"We may have achieved libel reform in England & Wales, but the battle to modernise libel law continues elsewhere in the UK. Can you help us?
As you may have read, the Northern Ireland Executive has not yet extended the Defamation Act 2013 into Northern Irish law. In fact, former finance minister Sammy Wilson MLA said he had "no plans to review the law on defamation in Northern Ireland" and told his Stormont colleagues that the threat to free speech was "just a lot of nonsense".
The Libel Reform Campaign has therefore been active in Northern Ireland, seeking to persuade politicians that reform is essential for free discourse in Northern Ireland and throughout the UK. In July, we gave evidence to the Finance & Personnel Committee at Stormont, and in September, we coordinated a letter to the First Minister and Deputy First Minister signed by dozens of leading authors from Northern Ireland, warning of the effect that a failure to legislate could have on culture: "The people of Northern Ireland will enjoy fewer free speech protections than fellow citizens in England and Wales."

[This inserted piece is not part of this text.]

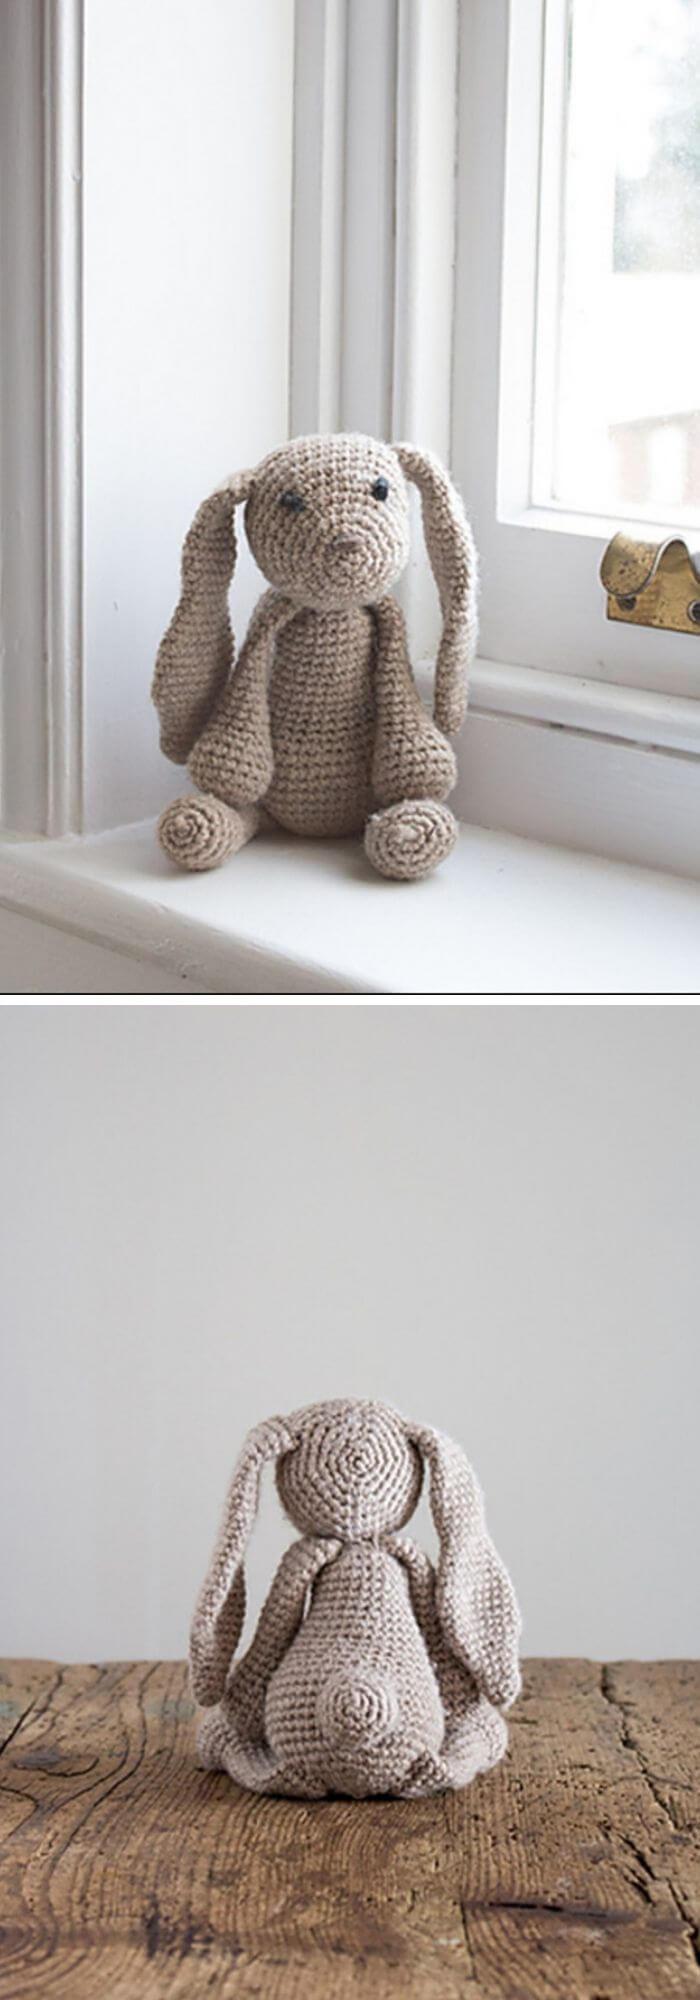 Crochet Kit - Bunny Family,Amigurumi Kit,Crochet Kit,Crochet ... | 2000x700

Despite some politicians’ opposition to libel reform, there is still a strong chance we can persuade Members of the Legislative Assembly (MLA) to back a Defamation Act for Northern Ireland. The new DUP Finance Minister, Simon Hamilton MLA, has commissioned a report on the Defamation Act 2013 and whether it should be extended to Northern Ireland. He said: "I want to bring a fresh pair of eyes to this issue." Meanwhile, the Ulster Unionist Party Leader Mike Nesbitt MLA intends to bring forward a Private Member’s Bill. He has published a consultation on the issue, and the Libel Reform Campaign team spoke at the launch event in Stormont.
We urgently need the public to respond to Mr Nesbitt’s consultation, to tell MLAs that we need libel reform in Northern Ireland to ensure we do not have a two-tier libel system in the UK, where some citizens have fewer free speech protections than others. We do not want Belfast to become the libel capital of the world."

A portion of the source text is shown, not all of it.